We Have Decided Not to Die, Silverman’s recent exhibition at Veda in Florence (2019), provided an answer of sorts. Ceiling hung, as if levitating, a model train track carried a sequence of train cars in which synthetic figurine passengers, in radical social groupings, jostled with symbols of industrialization. There were Catholic women in prayer with protest signs, a baby crawling atop an oil tanker, and in one arrangement, three lambs grazing on AstroTurf next to a pile of tiny guns and swords. A passage—“Nor height, nor depth, nor any other creature, shall be able to separate us from the love of God,” from Romans 8:39, was translated on one placard to “God Loves Fags – Rom. 8:39,” a slogan carried at a Washington, DC, march for LGBT rights in 1993. Attesting to the cyclical rhythms of history, the looping kinetic sculpture was an allegory of spiritual regeneration and a commentary on the seemingly interminable stasis of capitalist production.

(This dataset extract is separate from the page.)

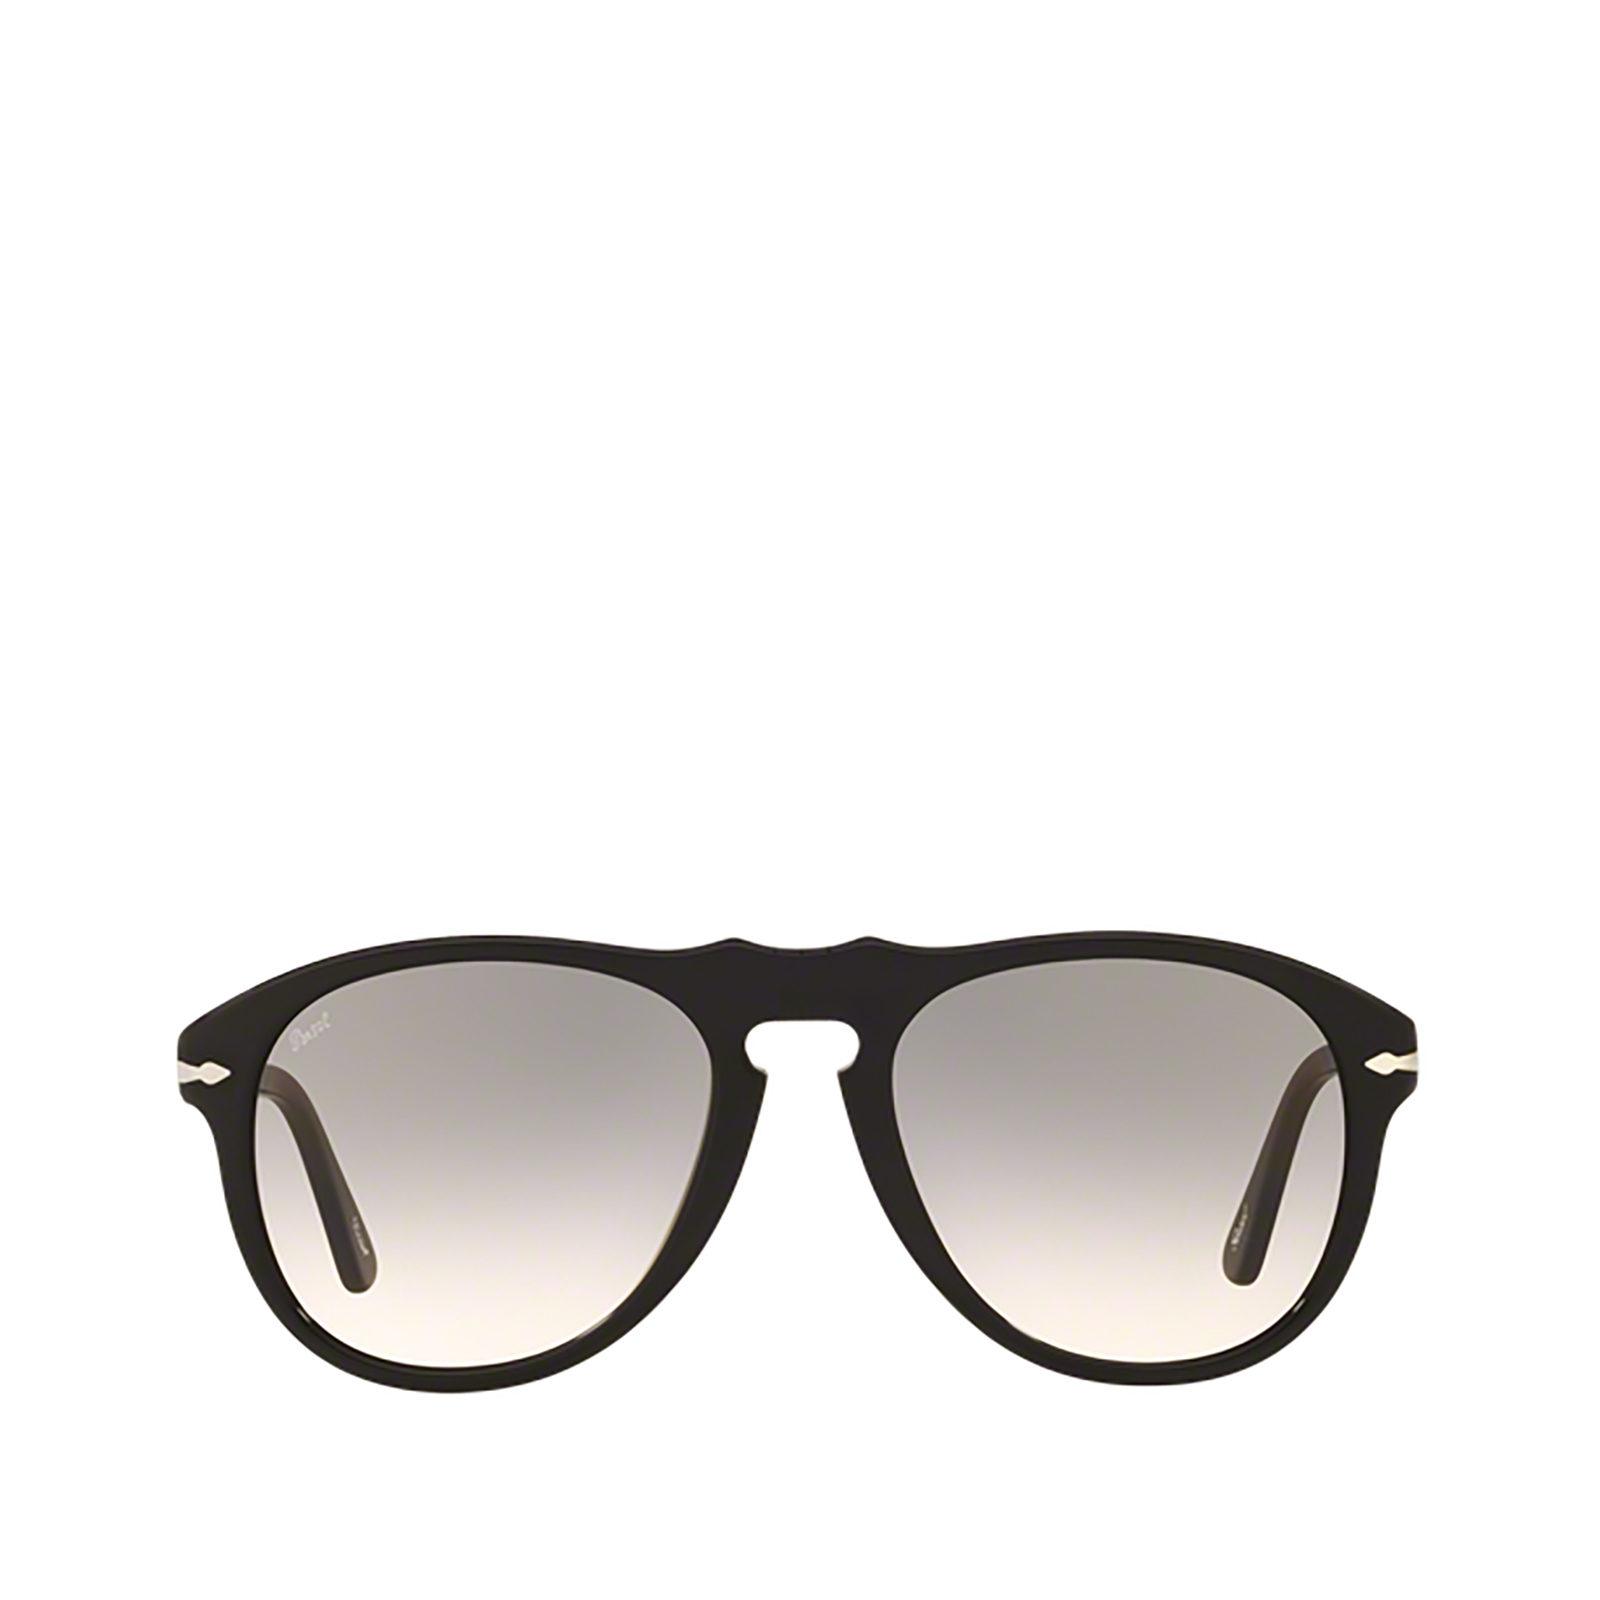 b23e42a8dc69 Persol ® PO0649 • Black - 95/32   Ottica Lipari Eyewear

“To be entangled is not simply to be intertwined with another, as in the joining of separate entities, but to lack an independent, self-contained existence,” writes the feminist theorist Karen Barad. It is thus “impossible to differentiate in any absolute sense between creation and renewal, beginning and returning, continuity and discontinuity, here and there, past and future.”2 Elegantly dismissing dichotomies of good and bad, sacred and profane, Silverman’s assemblages explore the interdependence that sustains vulnerable communities. We are torn apart yet remain bound together. Knowing this, we become angels.

 

[1] Tony Kushner, Angels in America: A Gay Fantasia on National Themes (New York: Theatre Communications Group, 1993), 31.
[2] Karen Barad, Meeting the Universe Halfway: Quantum Physics and the Entanglement of Matter and Meaning (Durham, NC: Duke University Press, 2007), ix.

 

Aviva Silverman (b. 1986, New York) works with sculpture, performance, photography, and theater. Solo exhibitions and performances include We Have Decided Not to Die, Veda, Florence (2019); Protect me from what I am, Swiss Institute, New York (2018); Entering Heaven Alive, Bodega, New York (2018); and Twister, MoMA PS1, New York (2016). Silverman’s work has been included in group exhibitions at MoMA PS1, New York; Lisson Gallery, New York; Greene Naftali, New York; Tanya Bonakdar, New York; Atlanta Contemporary; and Salzburger Kunstverein.

Harry Burke’s criticism has appeared in Texte zur Kunst, frieze, Spike Art Quarterly, PIN-UP, Art in America, and elsewhere.